Once again highlighting the frivolous nature of the Boomer generation, rushed out to take out 3 very modest at best mortgages at ridiculous interest rates and still took 30 years to pay off? LOL
...and there you have it, the effects of monetary policy are working exactly how they should be, interest rates rise.
People with cash save more with higher returns on savings, debtors pay more in interest and mortgage repayments- net effect less disposable cash to slosh around in the economy.
This is not how retail banking works. The money we pay to banks in interest for our mortgages gets paid out straight away to term deposit holders. The difference is a spread but in the current climate banks keep less of it than previously as the RBNZ is 'encouraging' banks to keep increasing the deposit rates and thus decreasing the spread. As a result, and also because of shrinking number of home loans, the banks have not been making as much money in this high-interest environment.

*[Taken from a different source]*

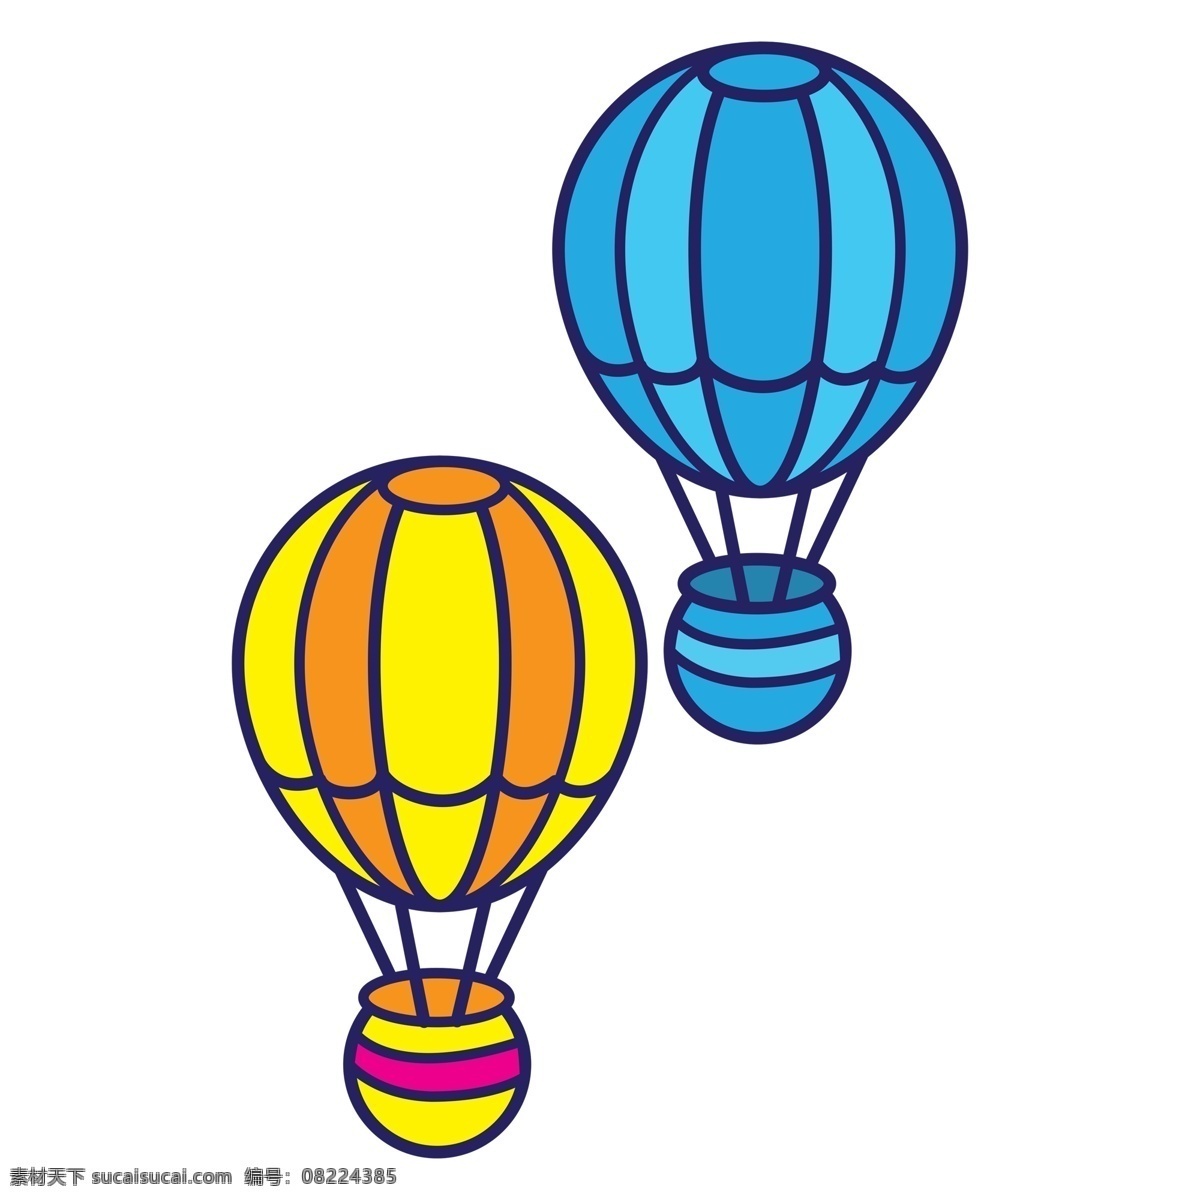 黄色 节日 热气球 卡通 透明 活动素材 手绘素材 可爱 节日元素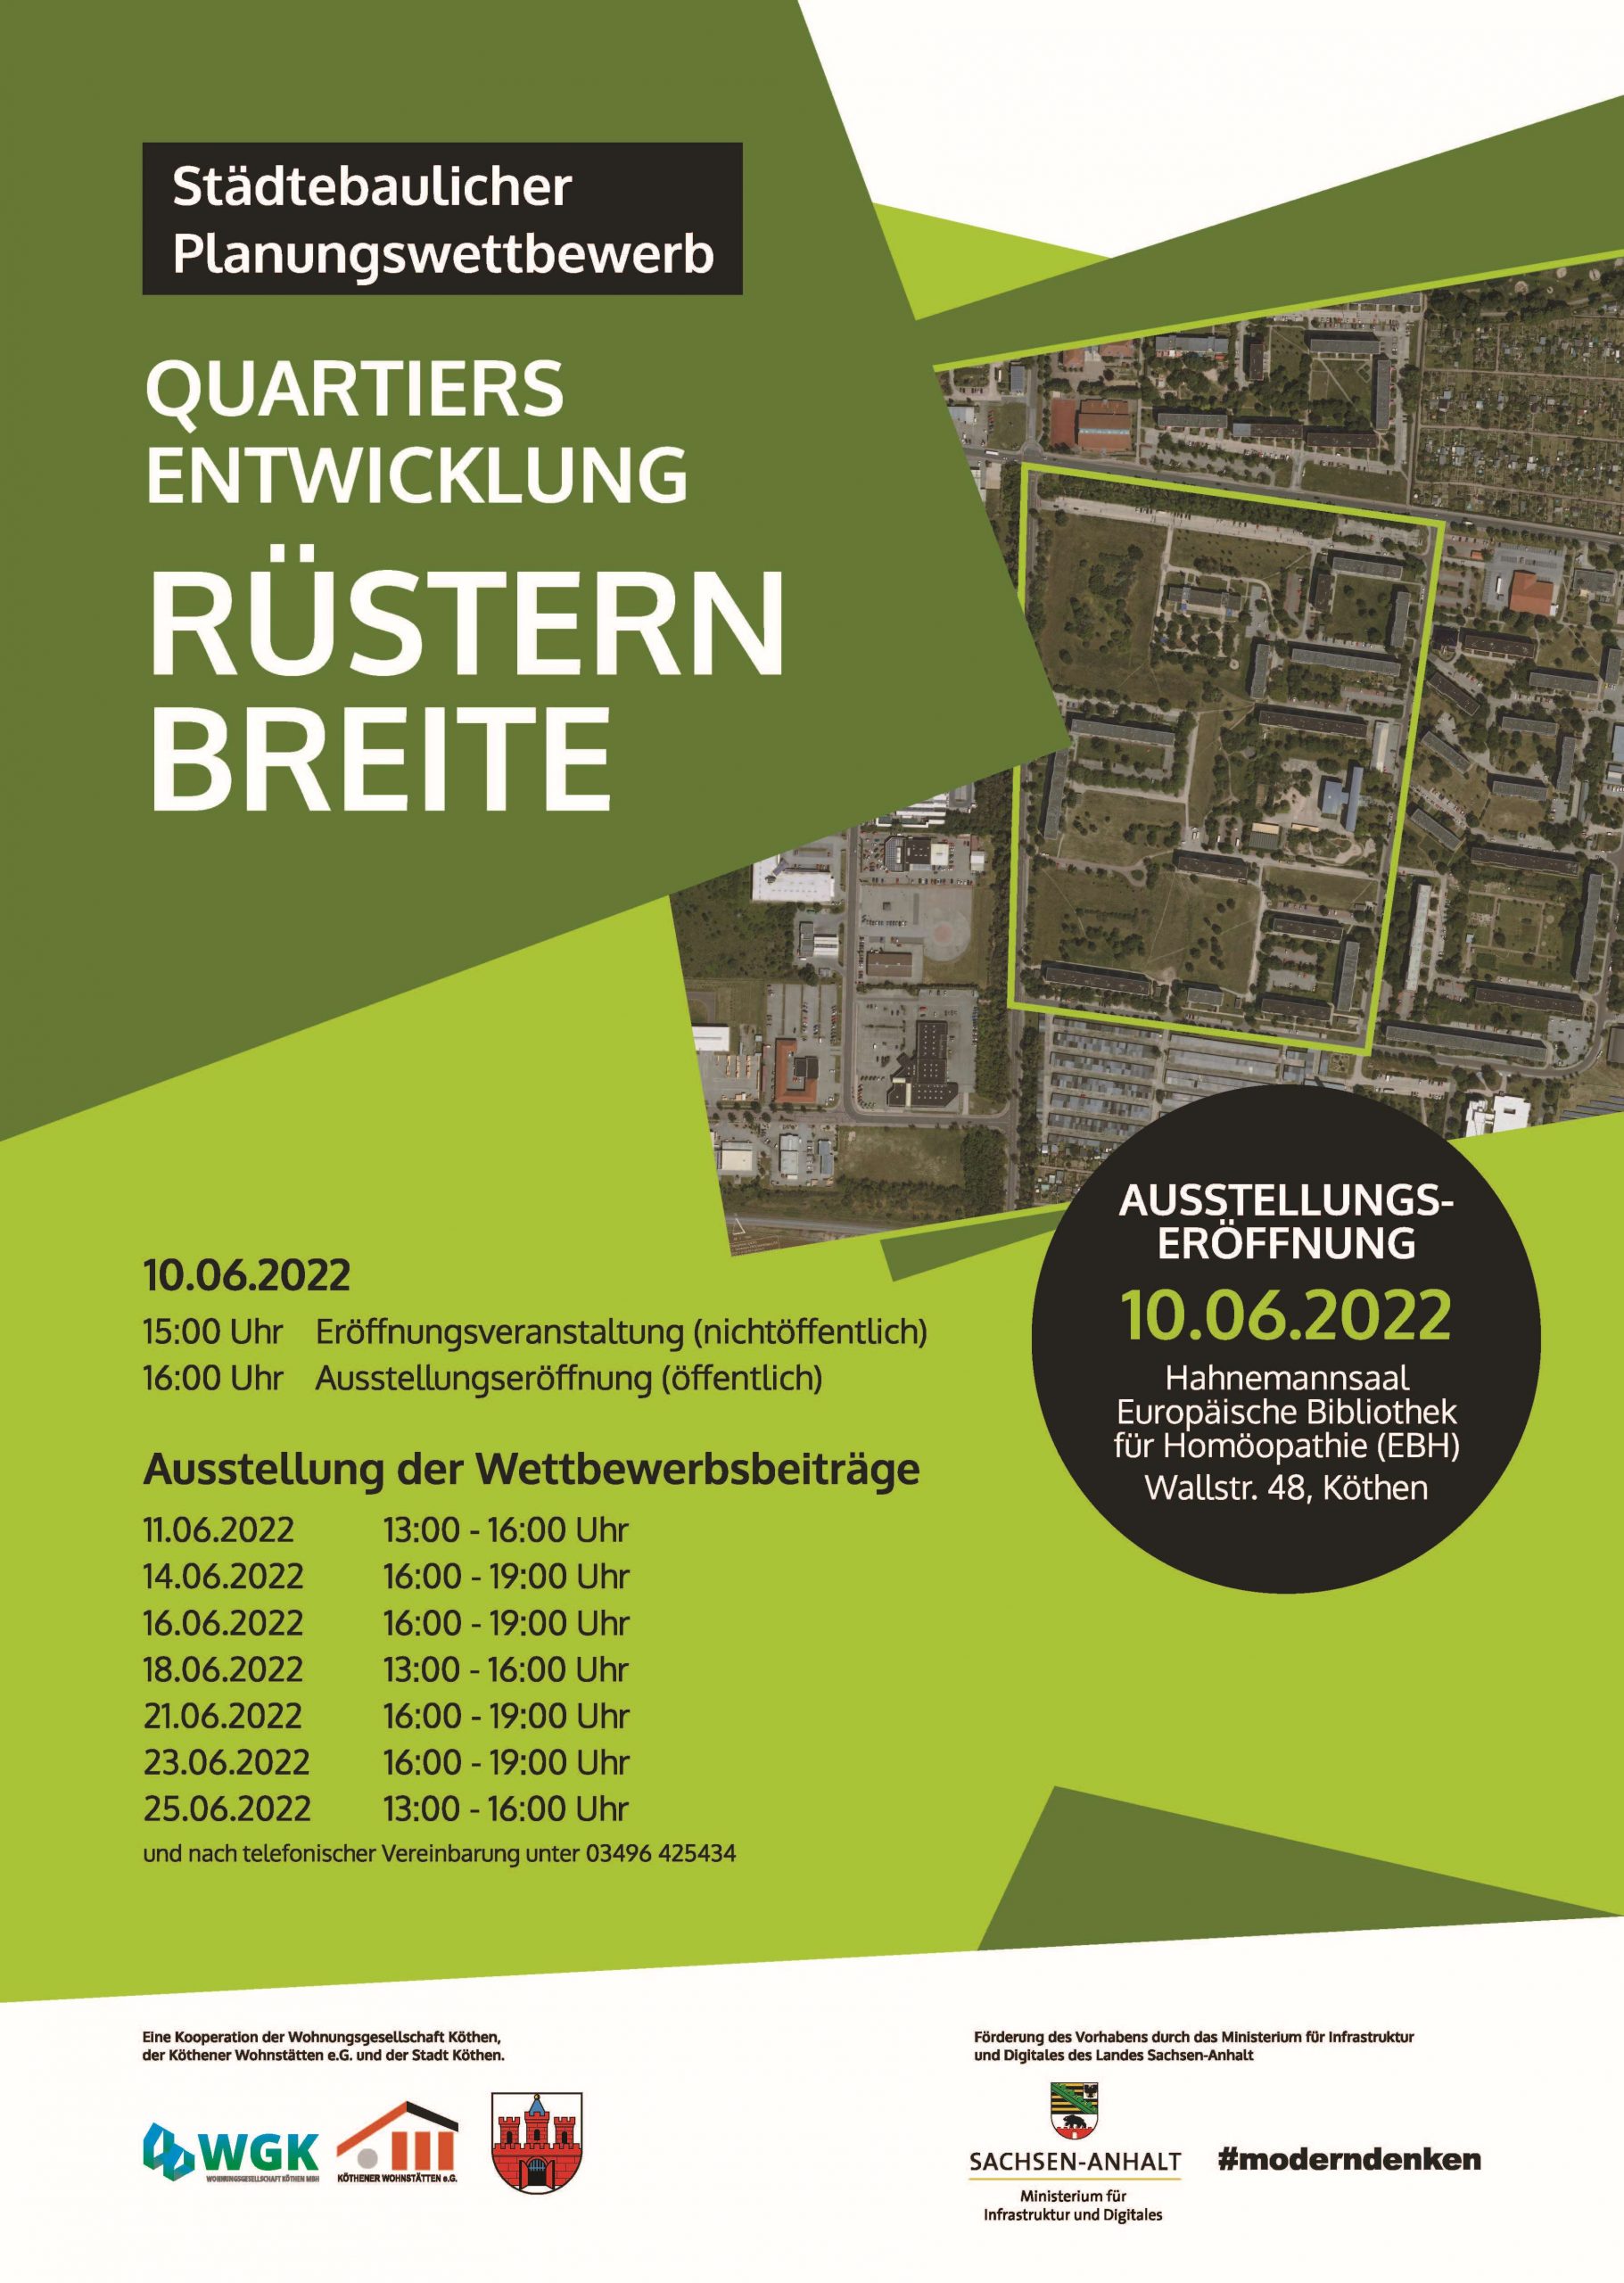 Plakat zum städtebaulichen Planungswettbewerb mit den Öffnungszeiten der Ausstellung

On the other hand, the cash you and I have sitting in non-interest paying bank accounts like your current account, gets transferred to the RBZ each night where the RBNZ earns high interest on it.
One lesson for you and me - put your money into term deposits and don't let it sit in cash accounts!
Not sure I believe that. Look at the total loan portfolios and the interest income from them v the amount held in term deposits. I'm pretty sure you'd find a significant discrepancy between the two totals in favour of the banks. If they paid at least the OCR in non-term deposits then you be closer to the truth. Fundamentally i simply don't believe the banks can be trusted.
Not sure how completely wasted money in higher mortgage rates actual "Helps" the economy. This is 100% wasted money as it has zero productivity. It appears the RBNZ needs to treat everyone like a 5 year old standing in the chocolate isle in the supermarket, it steals your pocket money so you cannot buy that bar of chocolate. I guess 5 year olds don't buy houses however and when you give adults cheap money in this country all they do is rush out and buy another house.
It's interesting you say that money sitting around is wasted money. I'm of the opinion that people are losing their trust in money as a store of value. People only see it now as a means of exchange, not as a store of value. I think it's what's causing the current market volatility and asset bubbles. And inflation.
Quite surprised you're surprised by this.
Now you see why many of us are furious at the RBNZ? They should never have been raising rates in 0.25% increments over such a long period. It literally encouraged spending and inflationary spending at that.
Instead it should have been, "Right. Covid shock is over. Back to some degree of normality. The OCR will be 4.5% to stifle demand while global supply chains sort themselves out."
Sure, there would have been some howls from money markets. But, quite frankly, they had to way too good through covid.
The obvious issue is that mortgagees will never see their money again whereas the term depositors will see theirs and them some.
Or put bluntly - another massive transferal of wealth. The RBNZ has much to answer for. More so given how slow they've been to instigate more effective inflation fighting tools when the seriously inequitable effects of the OCR are well known.